**INFORMATION SUPPLIED**
□ □ □ □

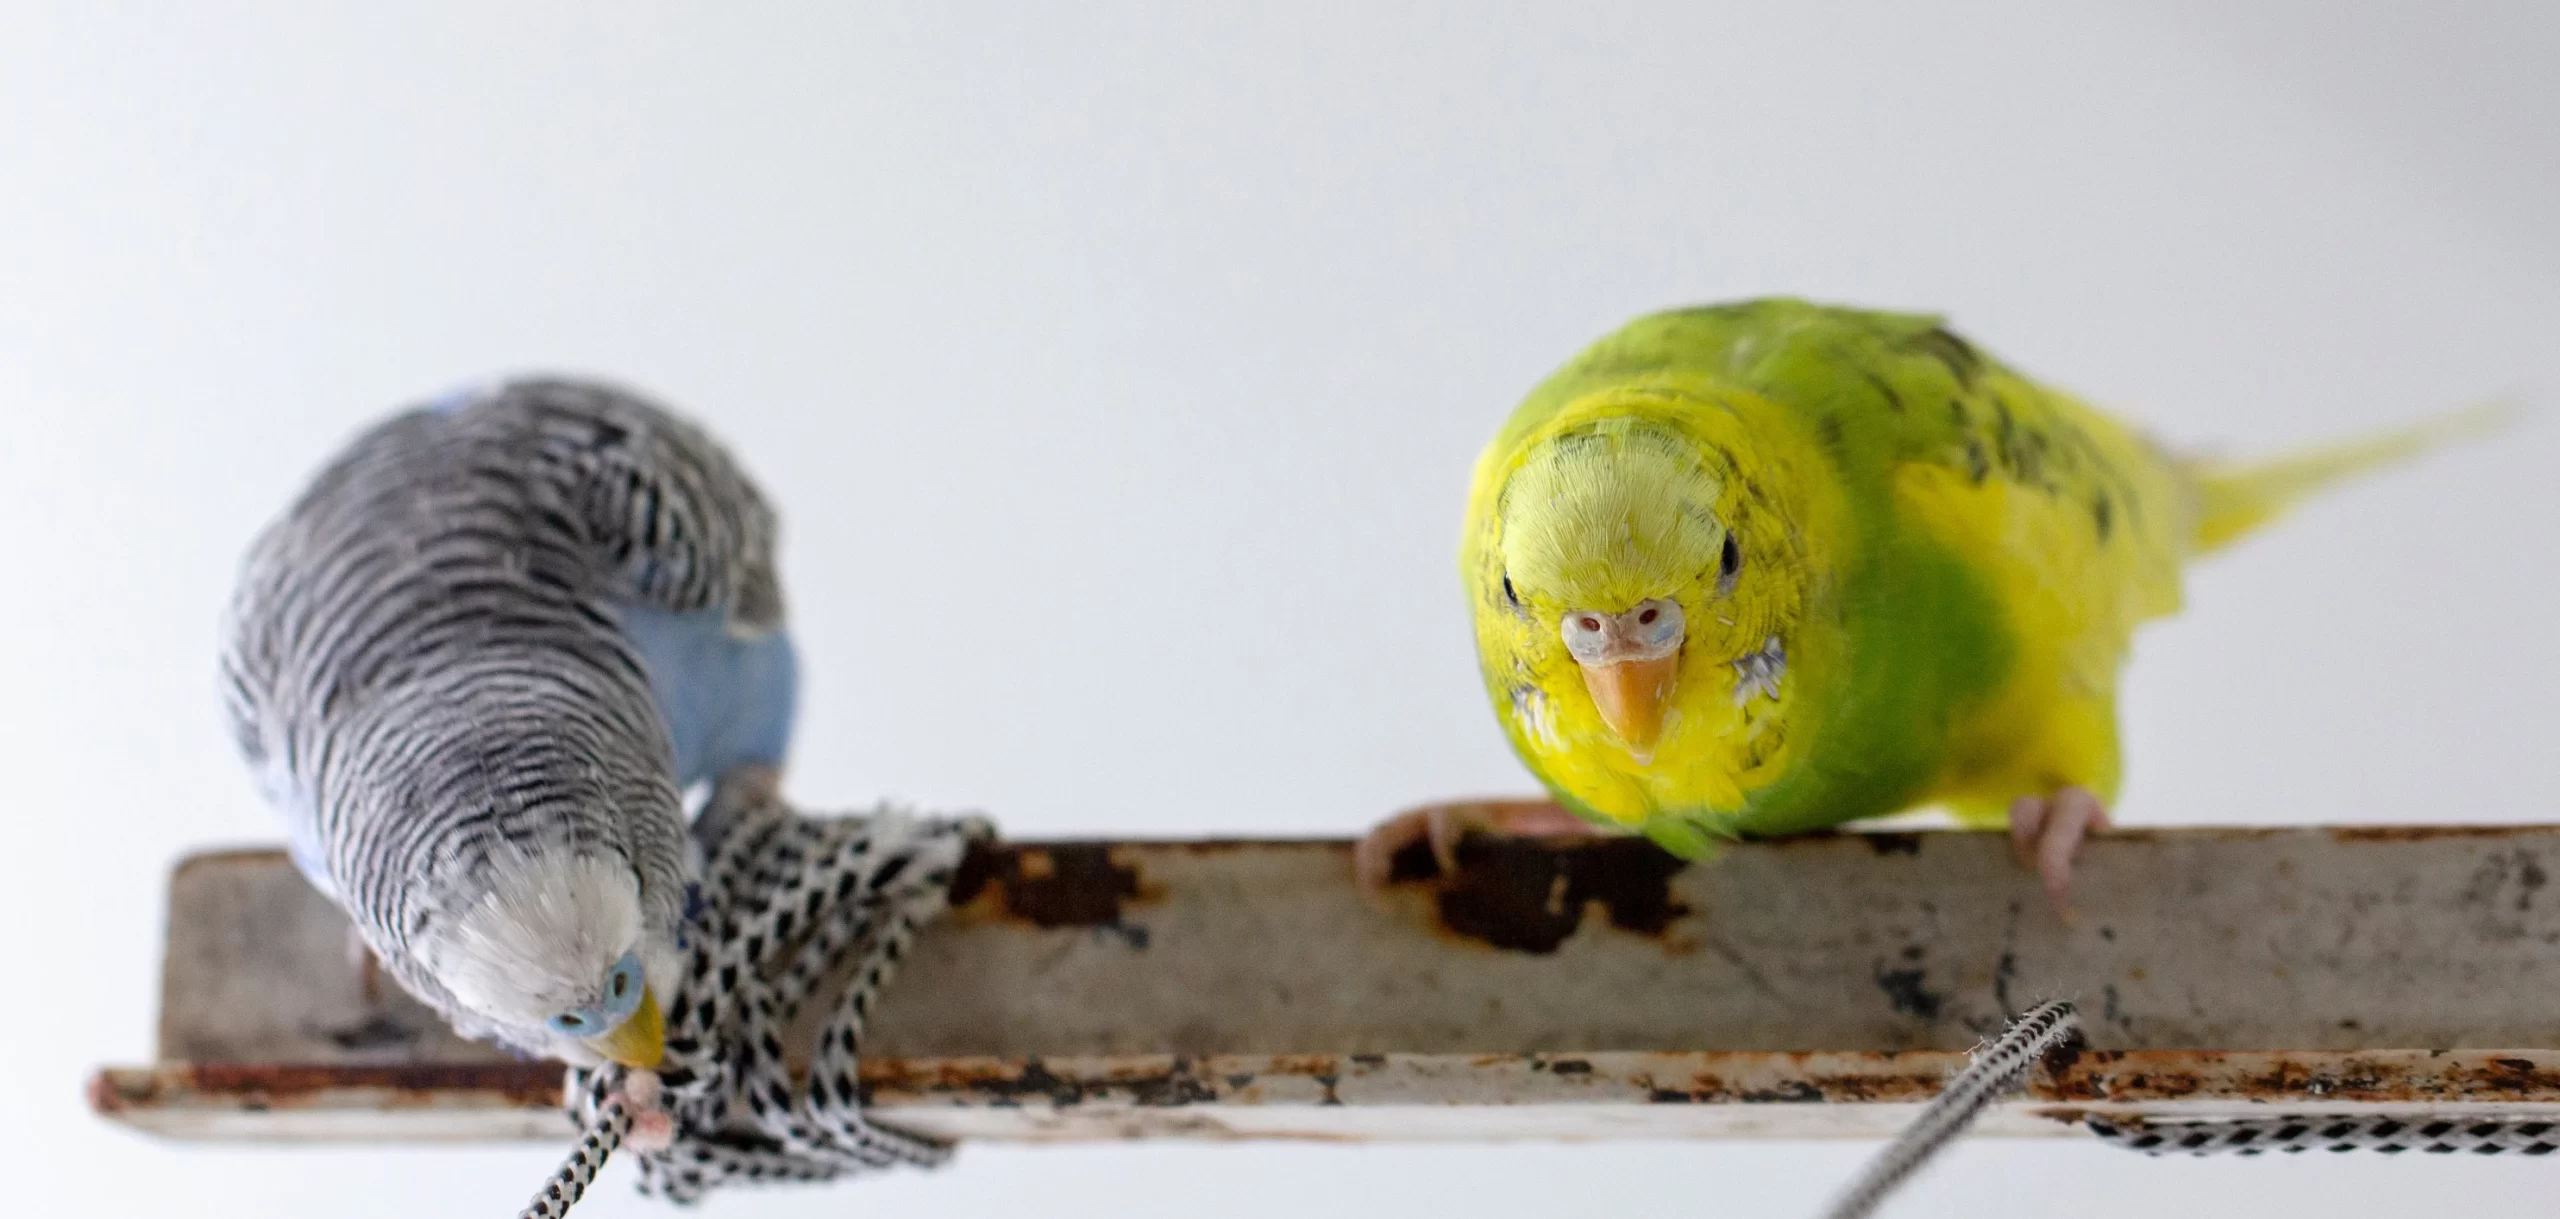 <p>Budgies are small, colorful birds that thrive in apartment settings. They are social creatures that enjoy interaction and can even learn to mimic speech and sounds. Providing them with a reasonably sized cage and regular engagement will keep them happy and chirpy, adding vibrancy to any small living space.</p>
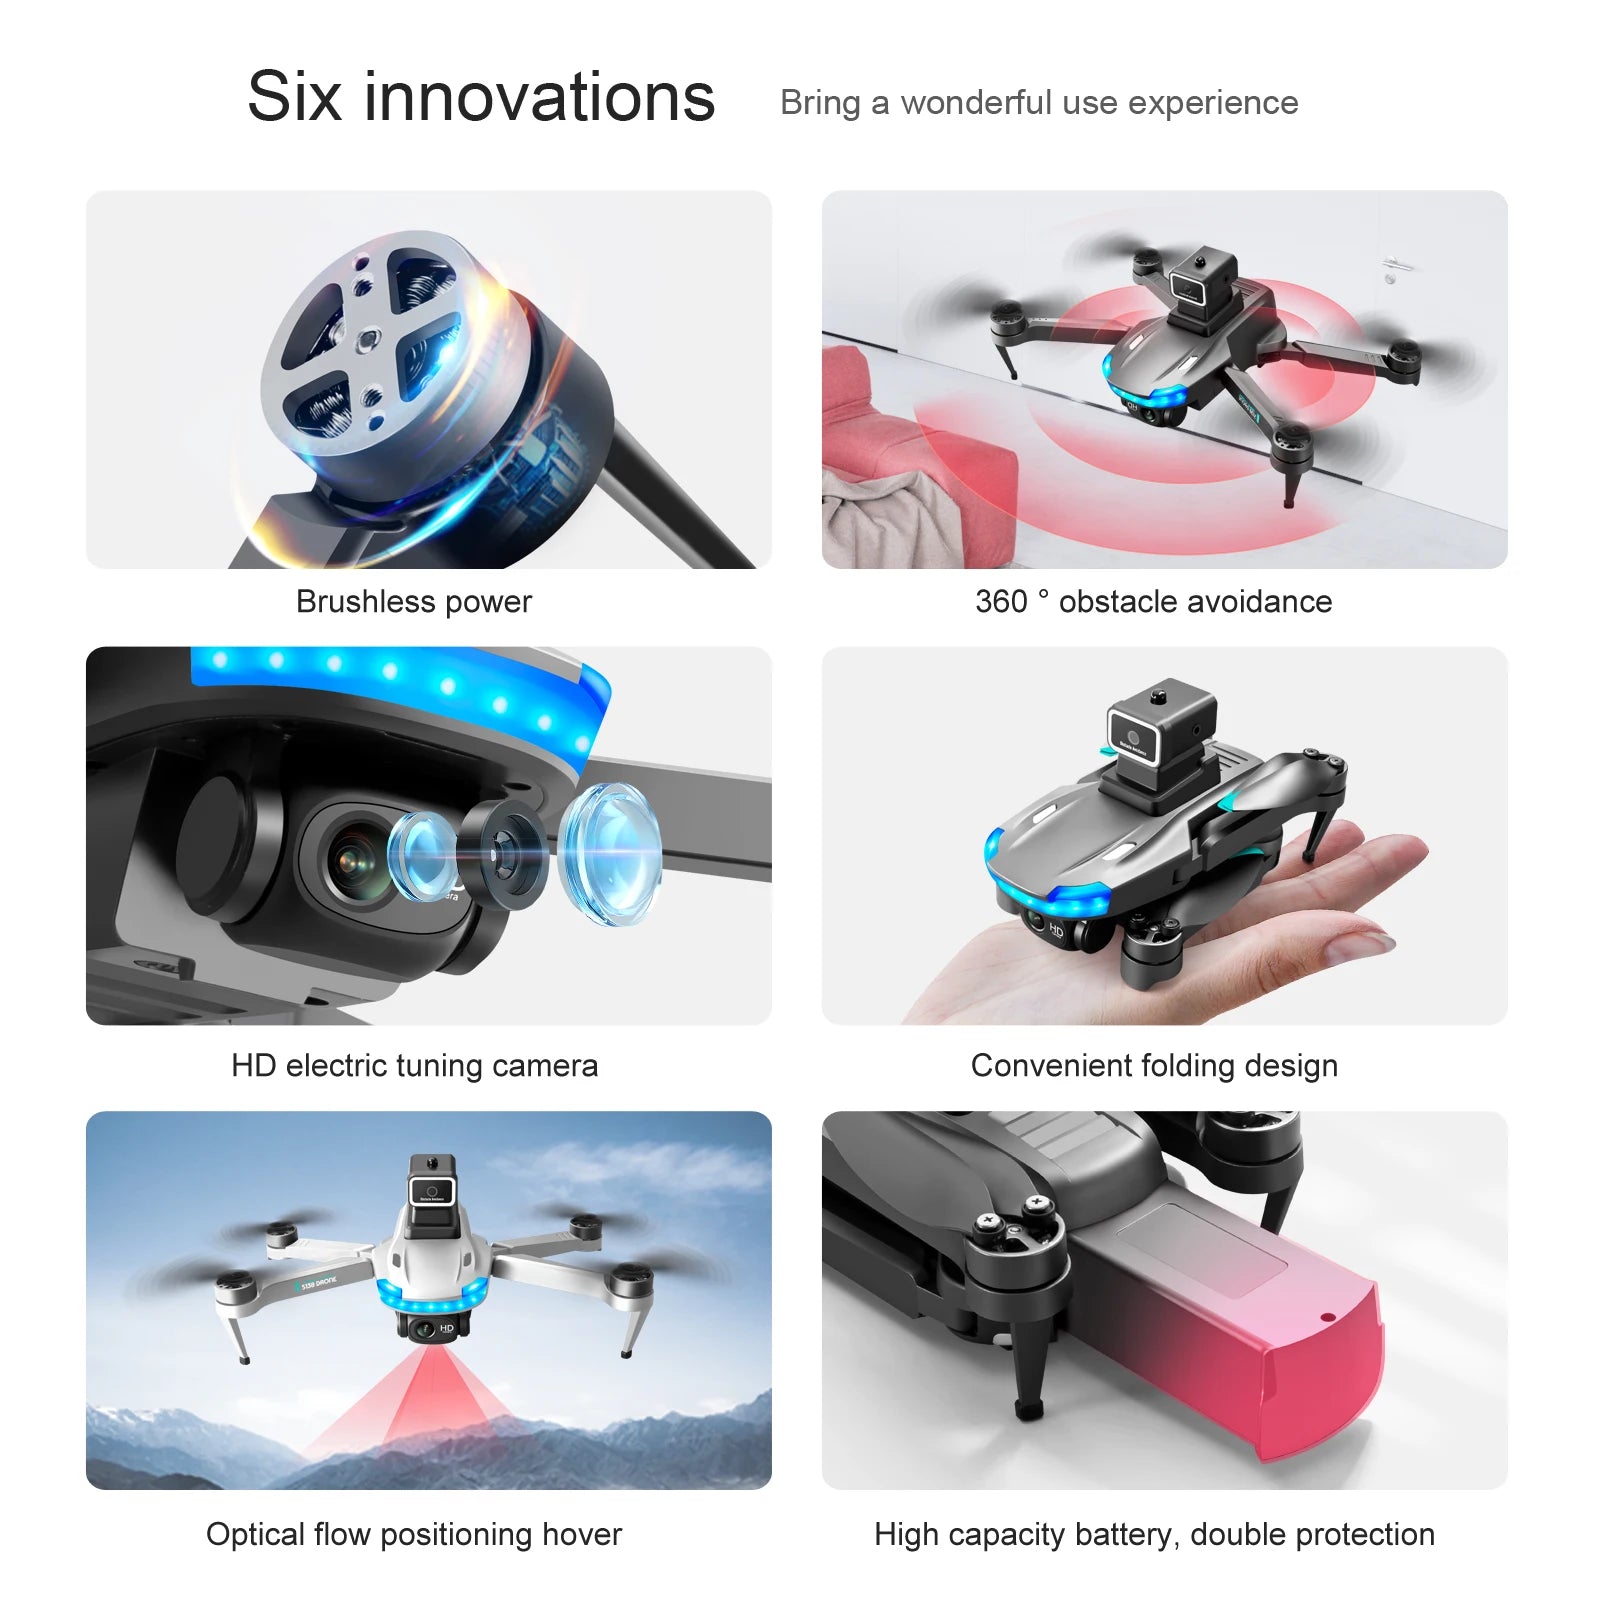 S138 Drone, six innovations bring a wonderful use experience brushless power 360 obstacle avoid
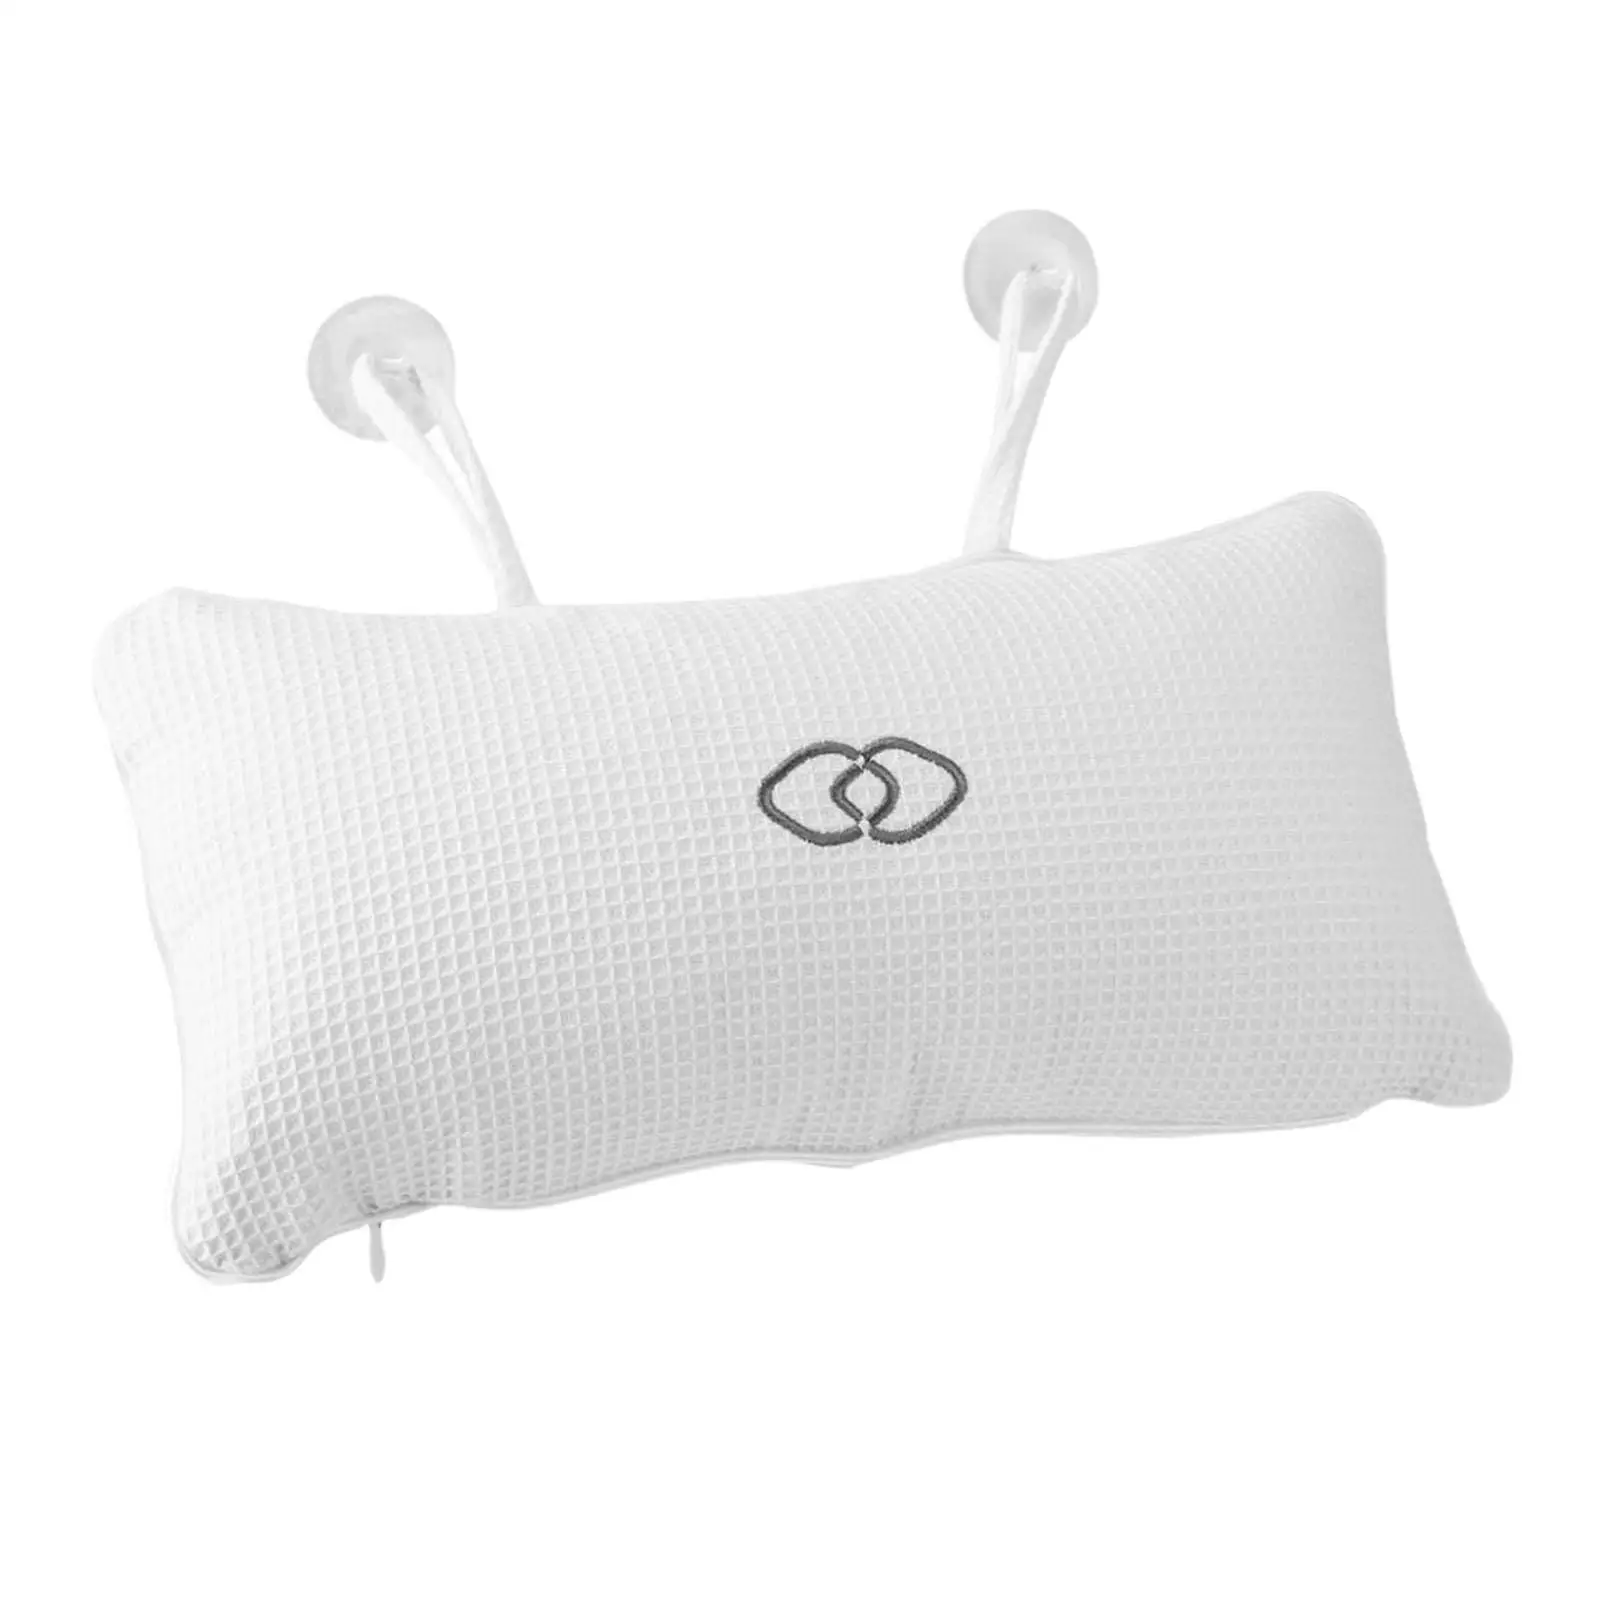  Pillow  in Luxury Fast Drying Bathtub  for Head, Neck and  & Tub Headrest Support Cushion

□ □ □ □

**GOAL OF THE EXERCISE**
An exact copy of all the data above is required; omit any pictures.

**TASK ANSWER**
 <p>Budgies are small, colorful birds that thrive in apartment settings. They are social creatures that enjoy interaction and can even learn to mimic speech and sounds. Providing them with a reasonably sized cage and regular engagement will keep them happy and chirpy, adding vibrancy to any small living space.</p>
 S138 Drone, six innovations bring a wonderful use experience brushless power 360 obstacle avoid
  Pillow  in Luxury Fast Drying Bathtub  for Head, Neck and  & Tub Headrest Support Cushion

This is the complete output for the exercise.